TA-LNF
TA-LNF is the acronym for Transnational Access (TA) to the Research Infrastructure Frascati National Laboratories (LNF) of Istituto Nazionale di Fisica Nucleare.
The objective of TA-LNF is to provide researchers from European Member States and Associated Countries with free access to the facilities of LNF. The external users take advantage of infrastructural, logistical, technological and scientific support (including travel and subsistence).

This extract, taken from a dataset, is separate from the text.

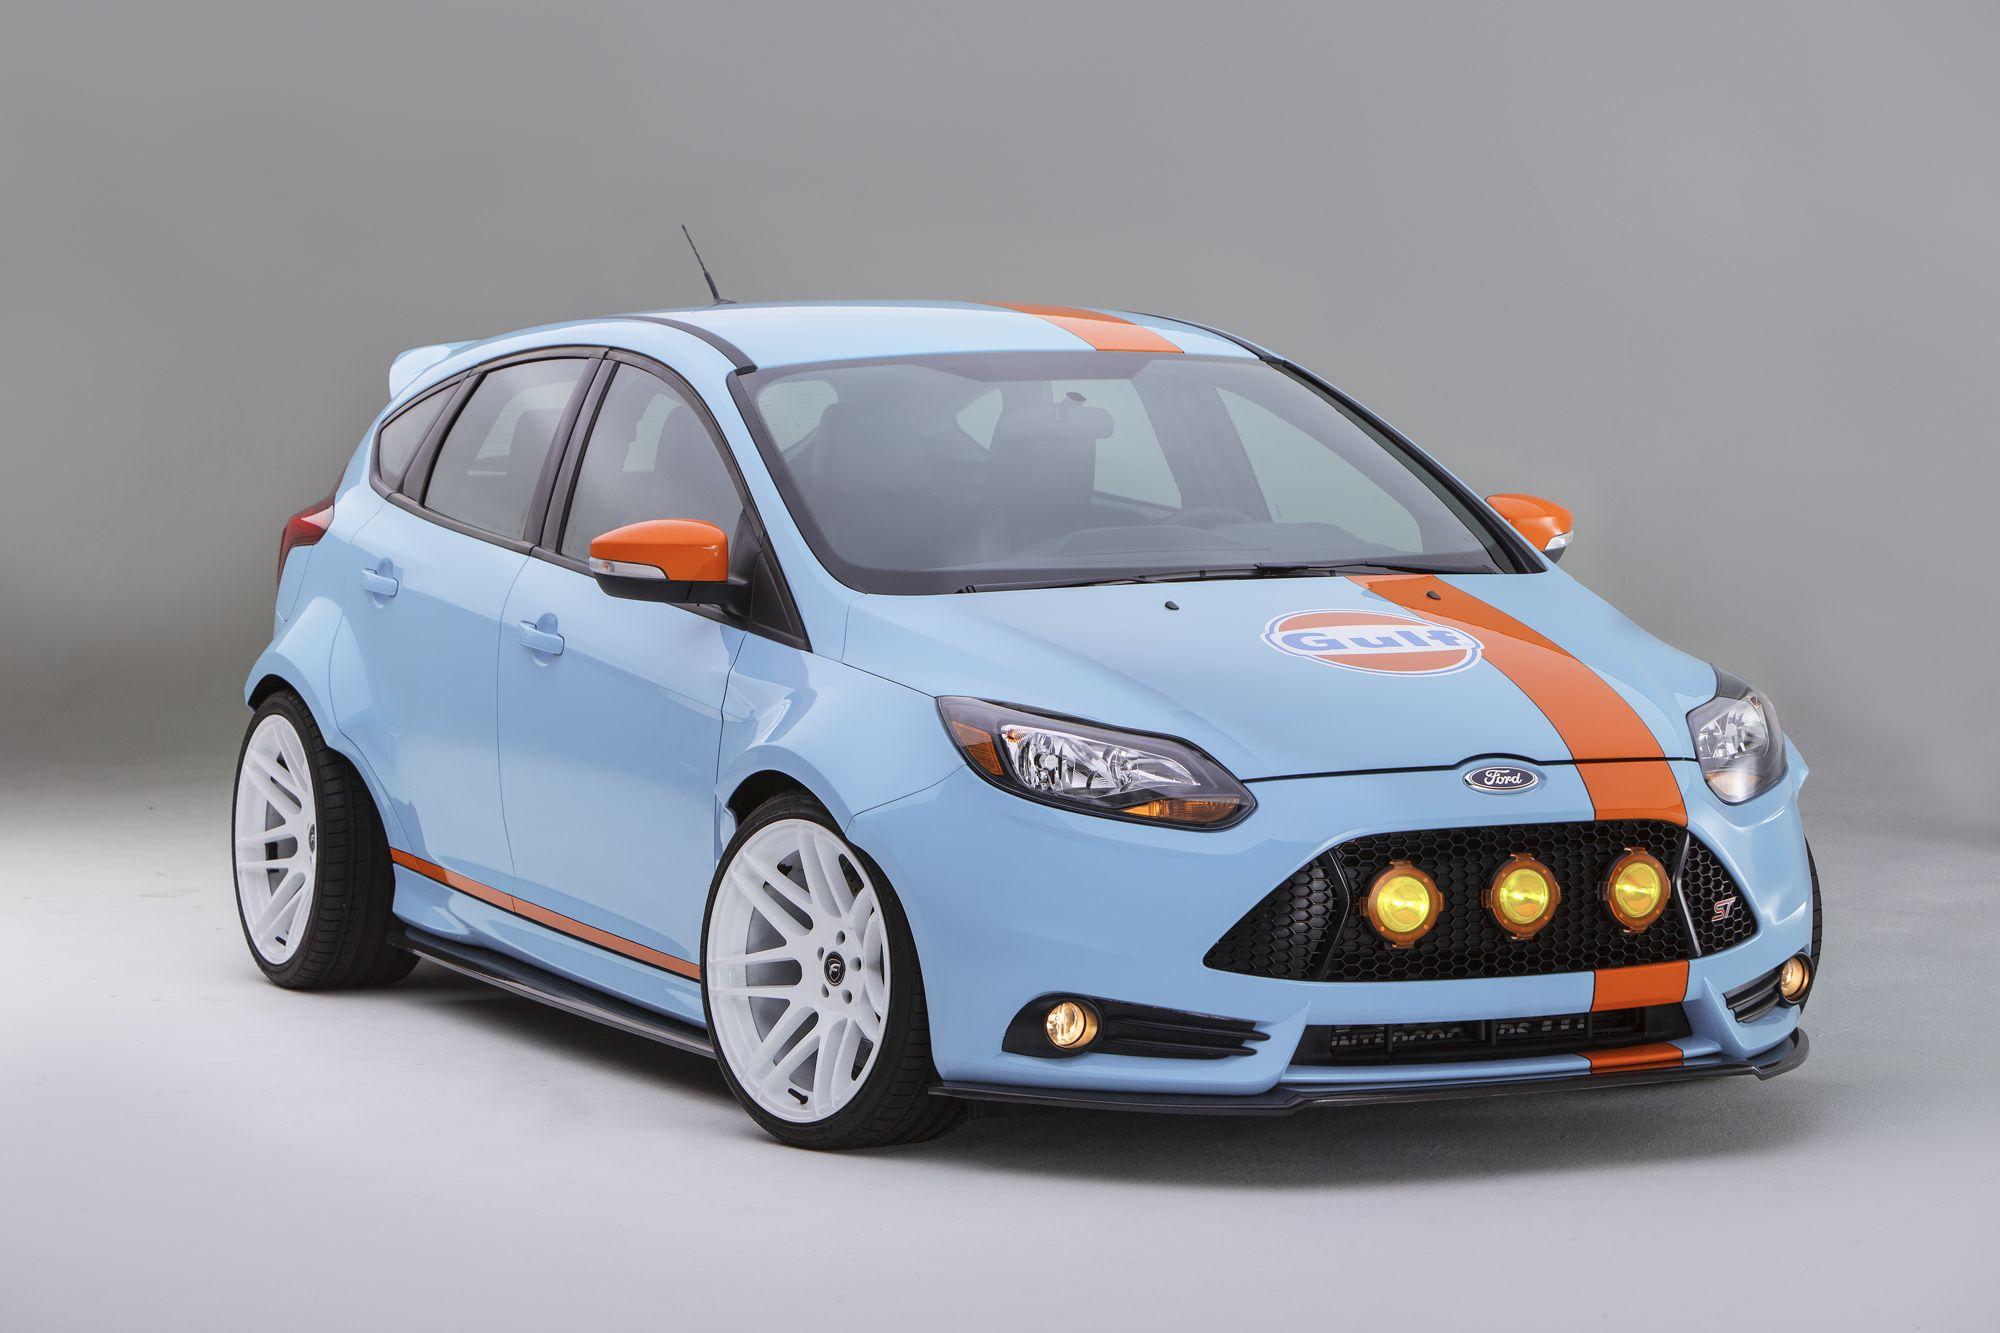 2014 Tjin Edition Ford Focus St Sweepstakes Car Www Uti Edu Focus

The Frascati National Laboratories (LNF), founded in 1955, are the oldest and biggest Laboratories of INFN and are devoted to fundamental research in nuclear and subnuclear physics. They were built to host the electron synchrotron, which at that time, with its energy of 1.1 GeV, represented a world record. Around 1960, a new accelerator concept was conceived and demonstrated in Frascati: a colliding-beam accelerator. All modern elementary particle storage rings descend from that first prototype, ADA (Anello Di Accumulazione). Immediately afterwards, a large electron-positron collider (ADONE) was designed, built and brought to operation in 1969. ADONE had a c.m. energy of 3 GeV and held the world record in energy and its experiments paved the road to the understanding of particle physics. One of its main achievements was the observation of the abundant production of multihadron events, which later led to the discovery of a new degree of freedom of the quarks: the color.
The LNF cover an area of 140000 m2 and are located about 20 km from the centre of Rome. They can be easily reached from Rome by car, by bus and by train. Presently, LNF hosts DAΦNE, a high luminosity e+ e- collider at 1.02 GeV c.m. energy, (φ-factory), which delivers an antikaon beam from φ-decays to the SIDDHARTA-2 experiment for precision kaonic atoms measurements. Electrons and positrons are provided by the DAΦNE linac. A new experiment, PADME, aims to search for the “dark photon” by detecting the products of annihilations of the linac positrons on a fixed target. A Beam Test Facility (BTF) utilizing the linac is available for calibration purposes.